In the data below, find the line containing "Charter Bus Company Denver logo" and the line containing "CII, Union Budget 2018", then reproduce them and every line between, exactly. Omit pictures.

Start of Input

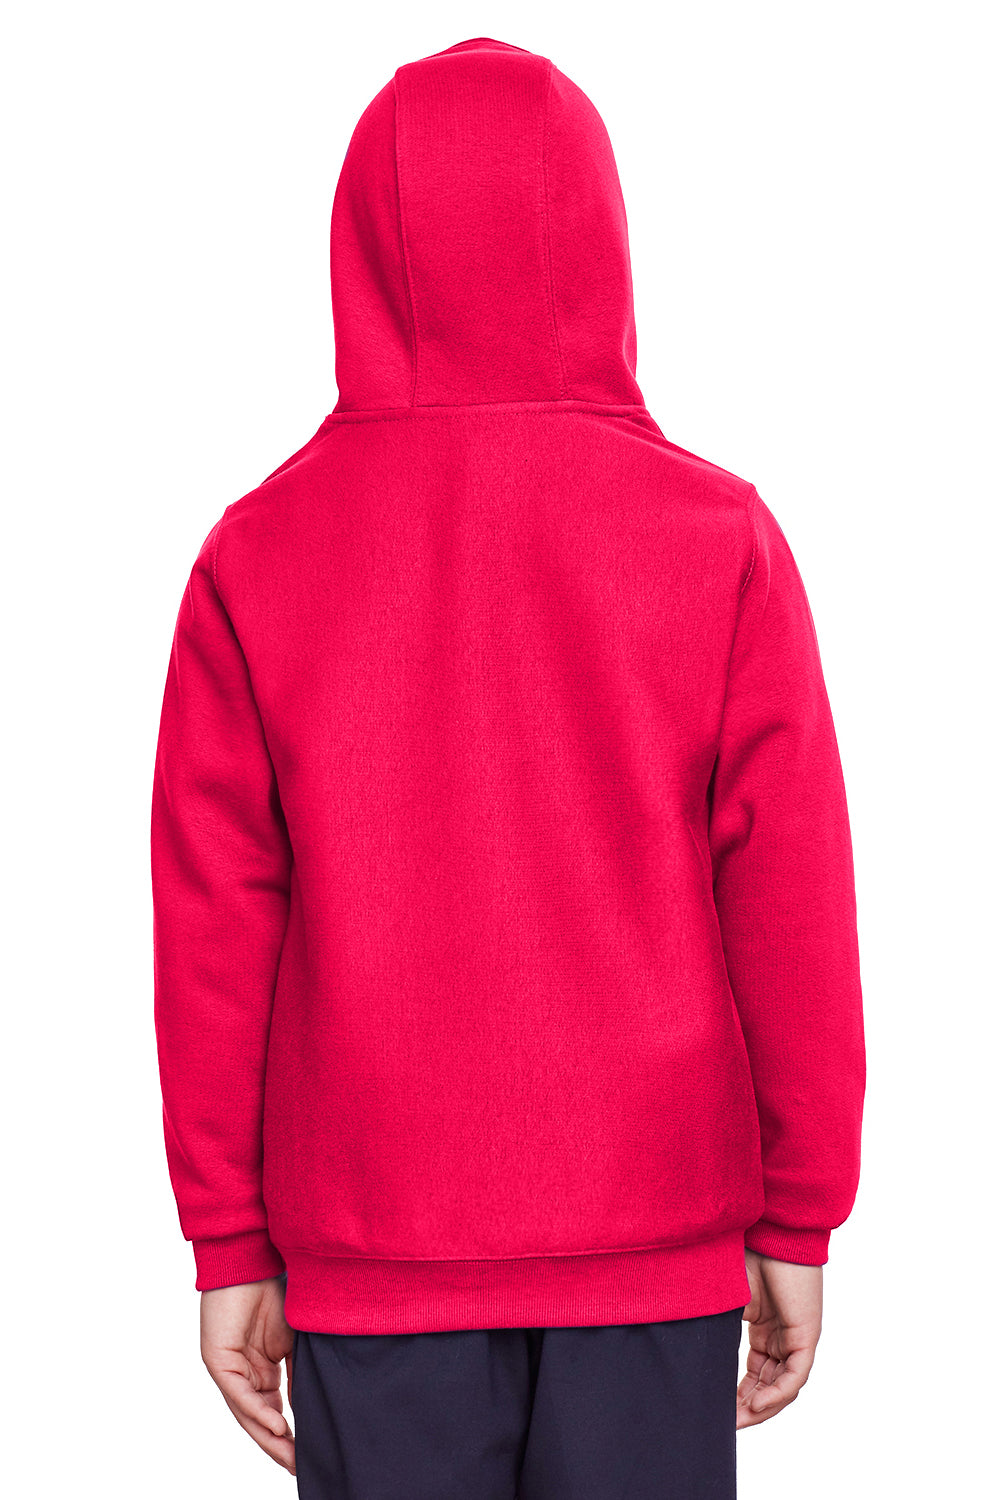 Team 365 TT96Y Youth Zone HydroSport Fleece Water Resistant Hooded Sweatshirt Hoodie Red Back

End of Input
Start of Input

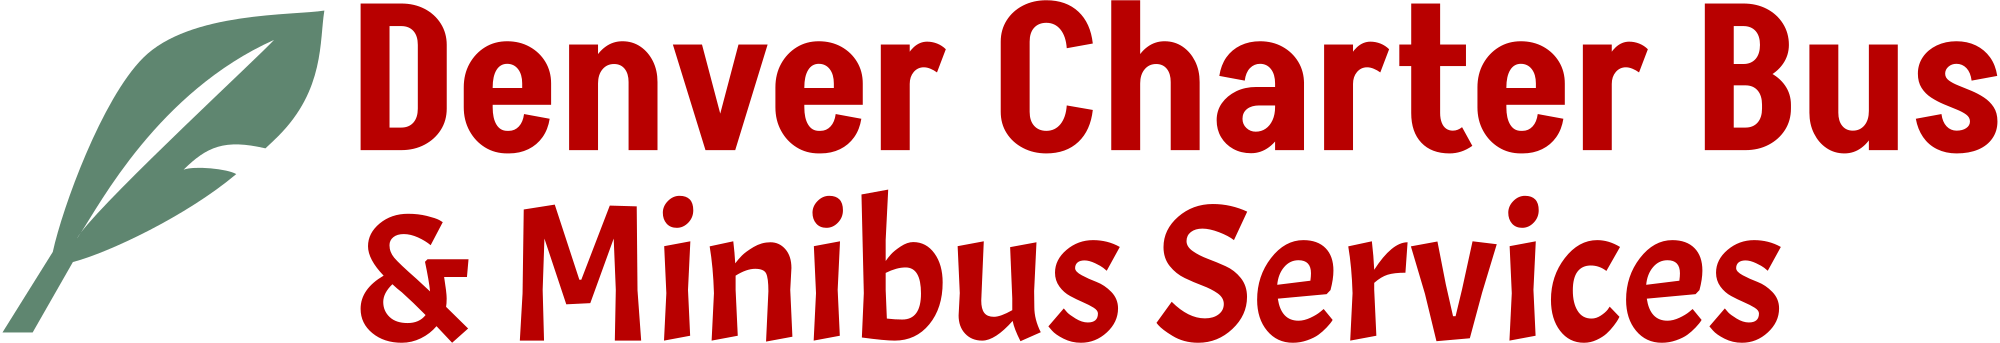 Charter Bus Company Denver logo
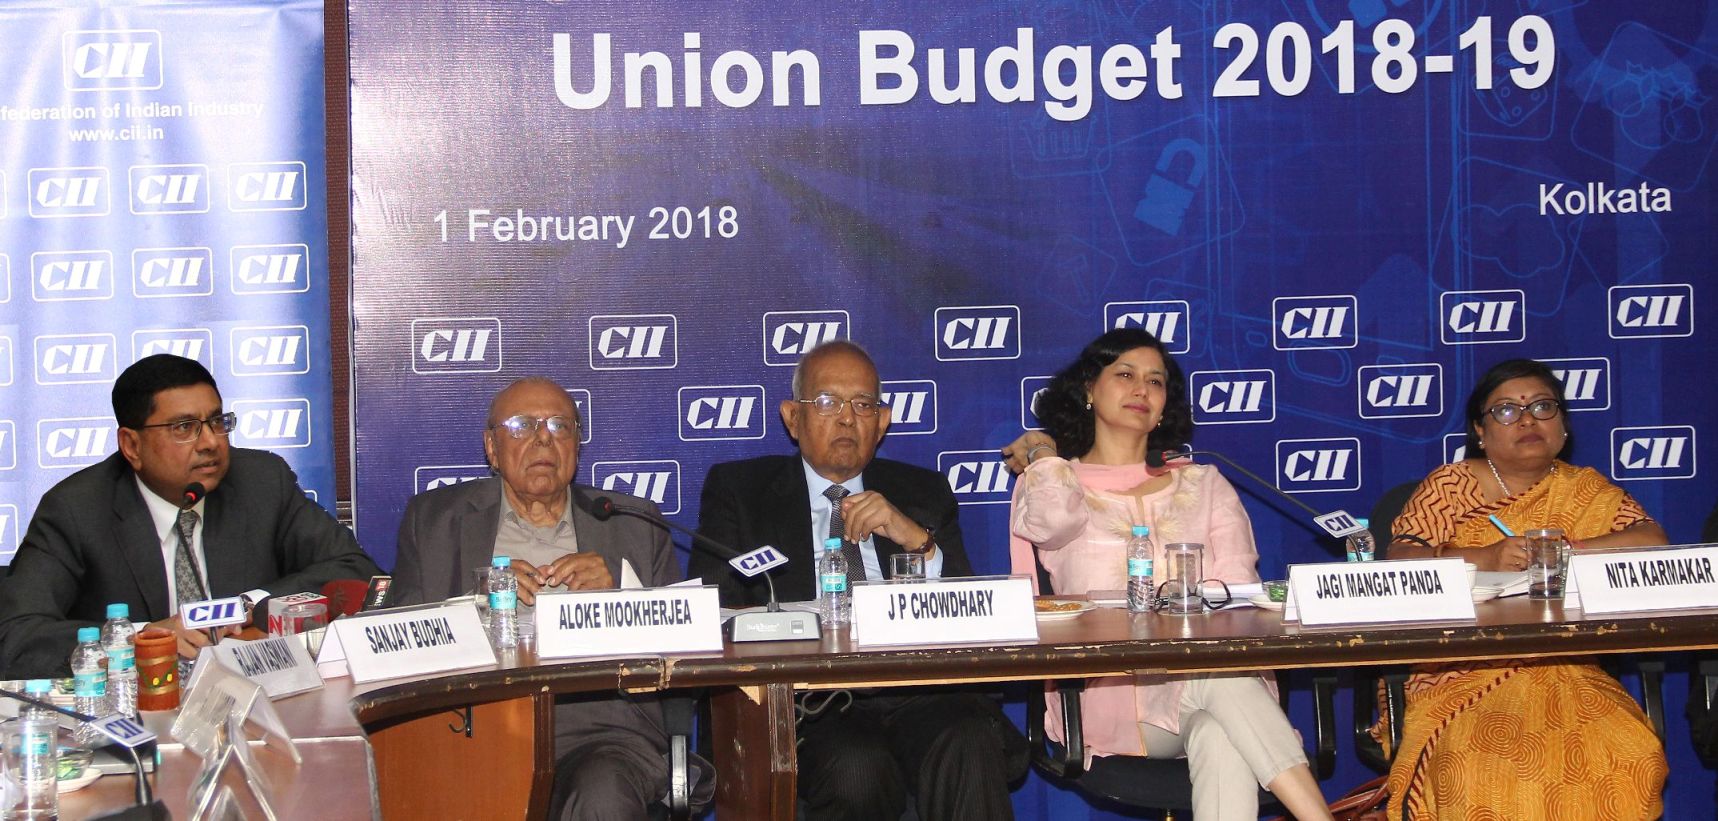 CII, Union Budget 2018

End of Input

:: Your response ::
 Charter Bus Company Denver logo
 CII, Union Budget 2018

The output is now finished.